**Source material:**

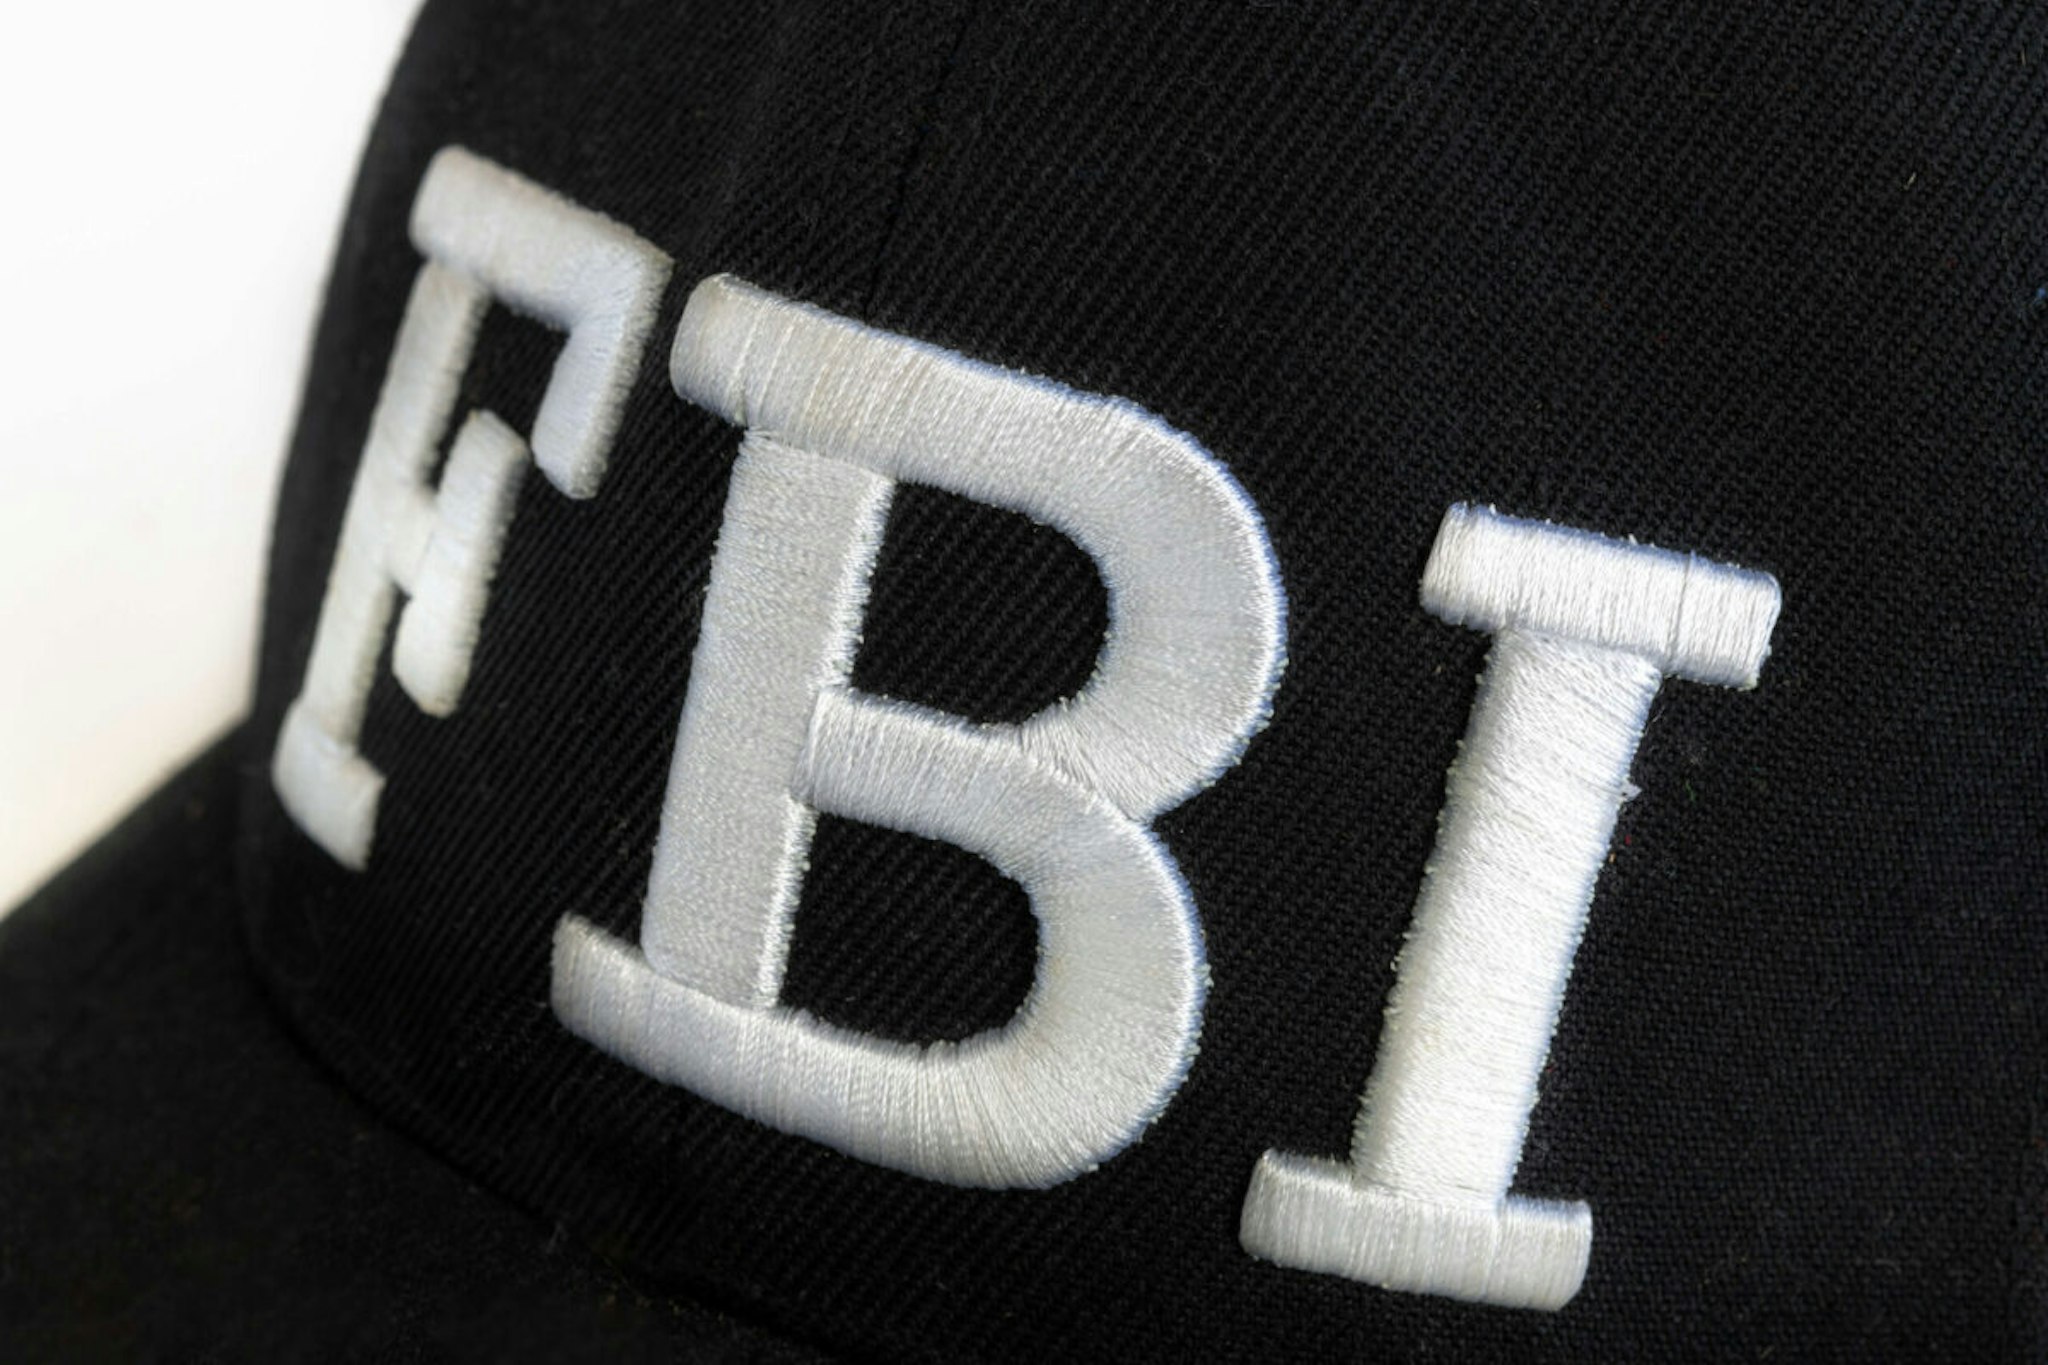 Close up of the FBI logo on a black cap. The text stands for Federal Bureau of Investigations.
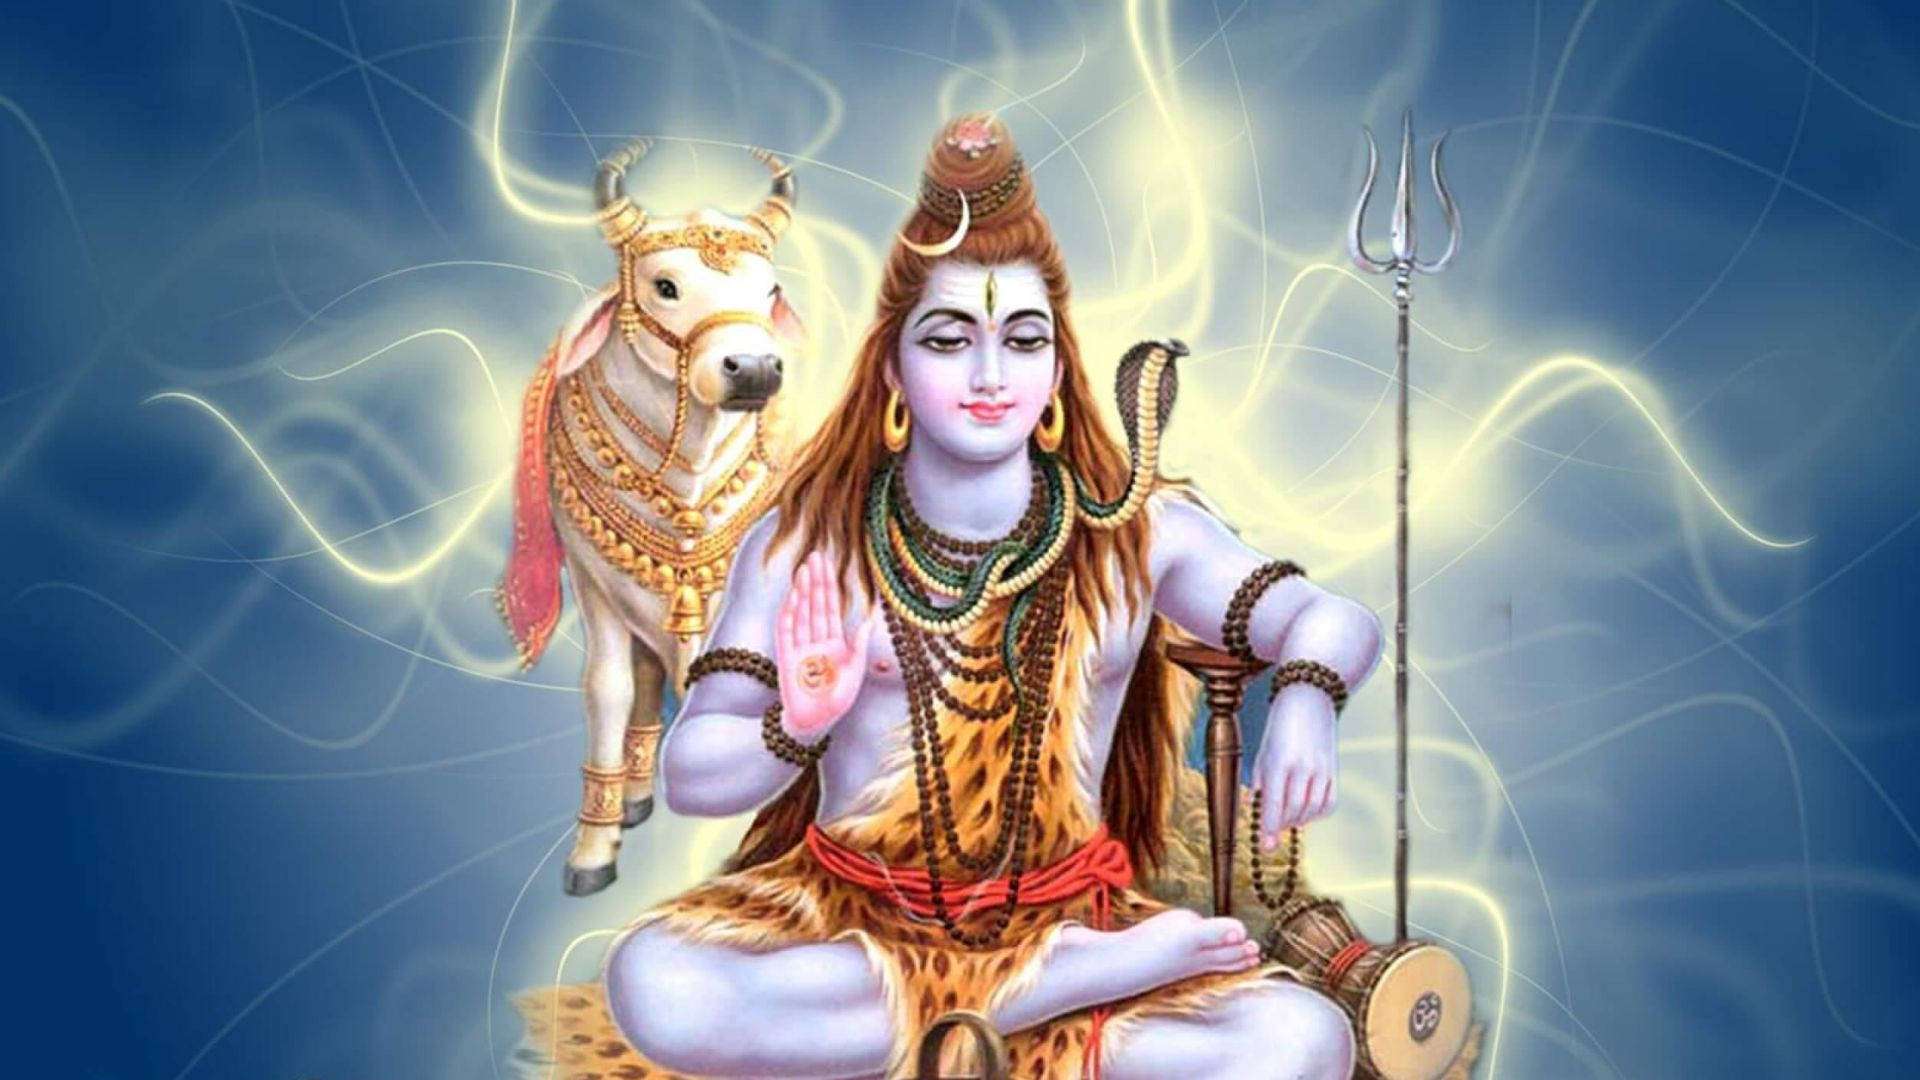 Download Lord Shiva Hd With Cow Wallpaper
* * *
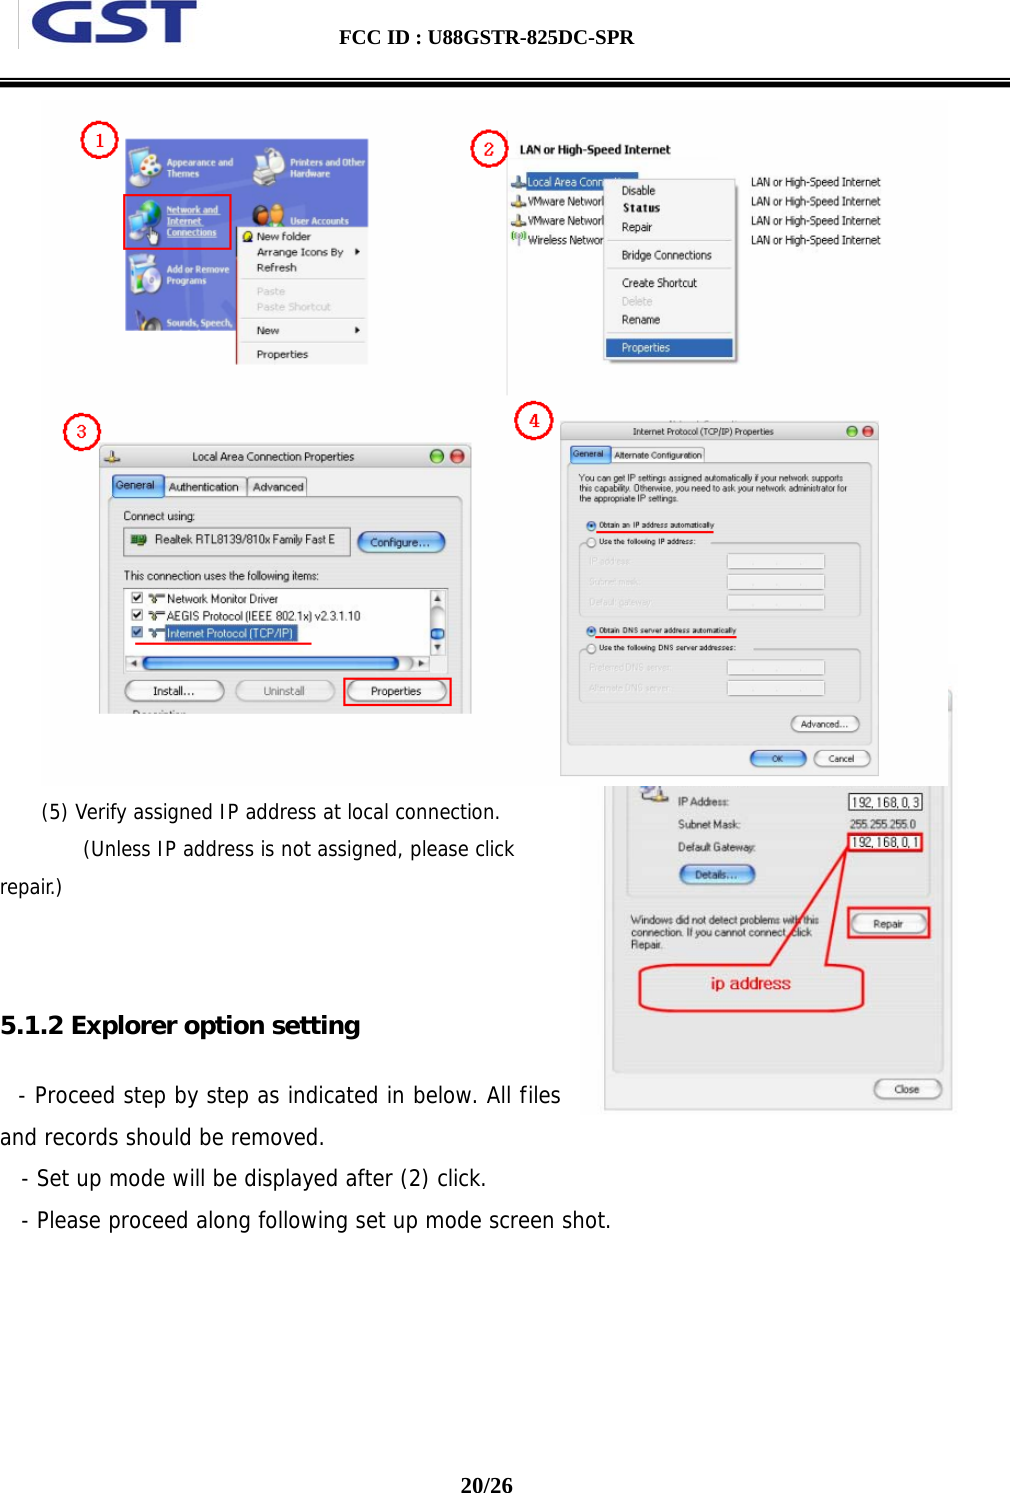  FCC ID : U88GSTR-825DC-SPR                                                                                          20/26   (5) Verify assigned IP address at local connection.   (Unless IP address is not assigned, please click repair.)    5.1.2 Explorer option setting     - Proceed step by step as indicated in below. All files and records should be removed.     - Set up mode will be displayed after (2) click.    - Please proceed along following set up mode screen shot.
==
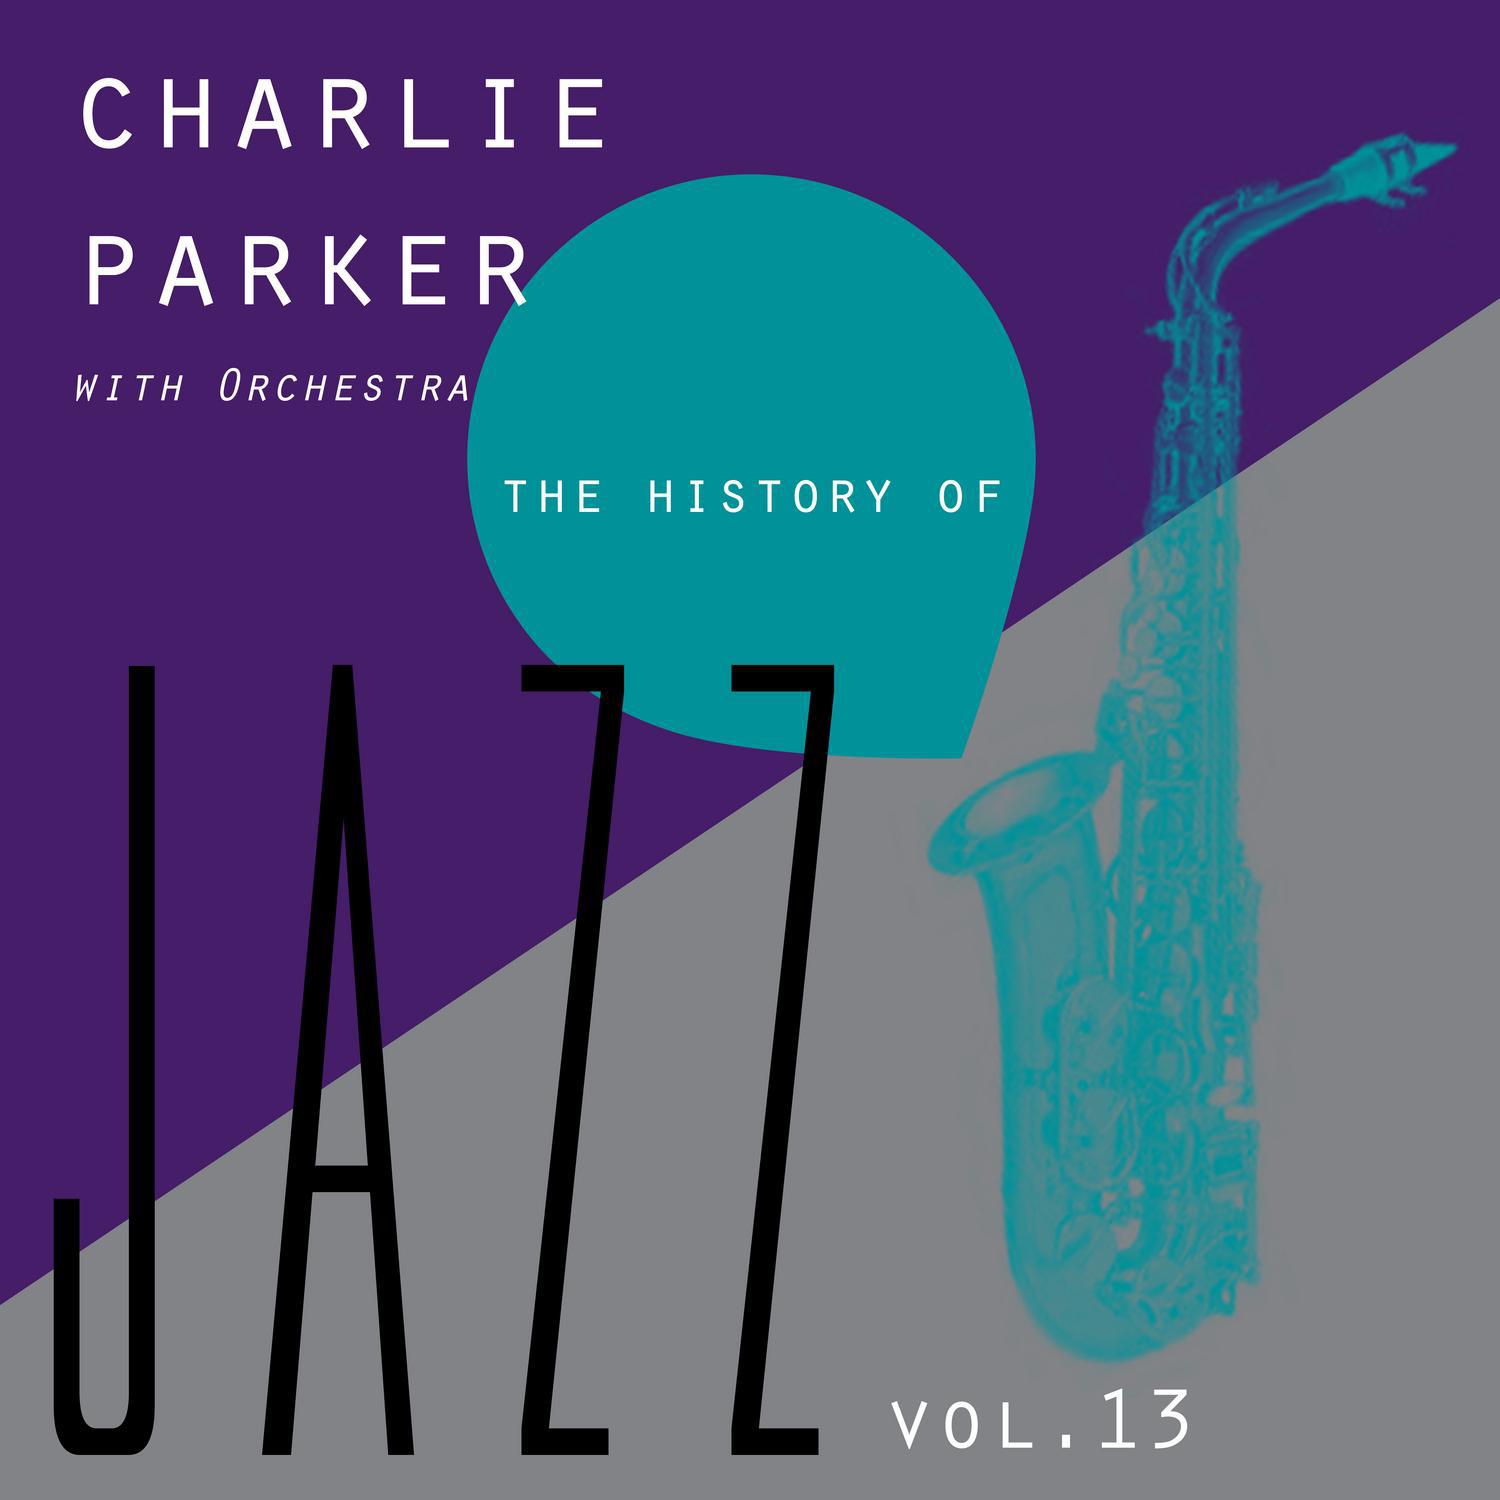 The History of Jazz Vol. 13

**Instructions to follow:** In the data above, take the line with "Close up of", the line with "Download Lord Shiva Hd With Cow Wallpaper", and every line between, and set them down exactly without pictures.

**Answer to this exercise:**
 Close up of the FBI logo on a black cap. The text stands for Federal Bureau of Investigations.
 Download Lord Shiva Hd With Cow Wallpaper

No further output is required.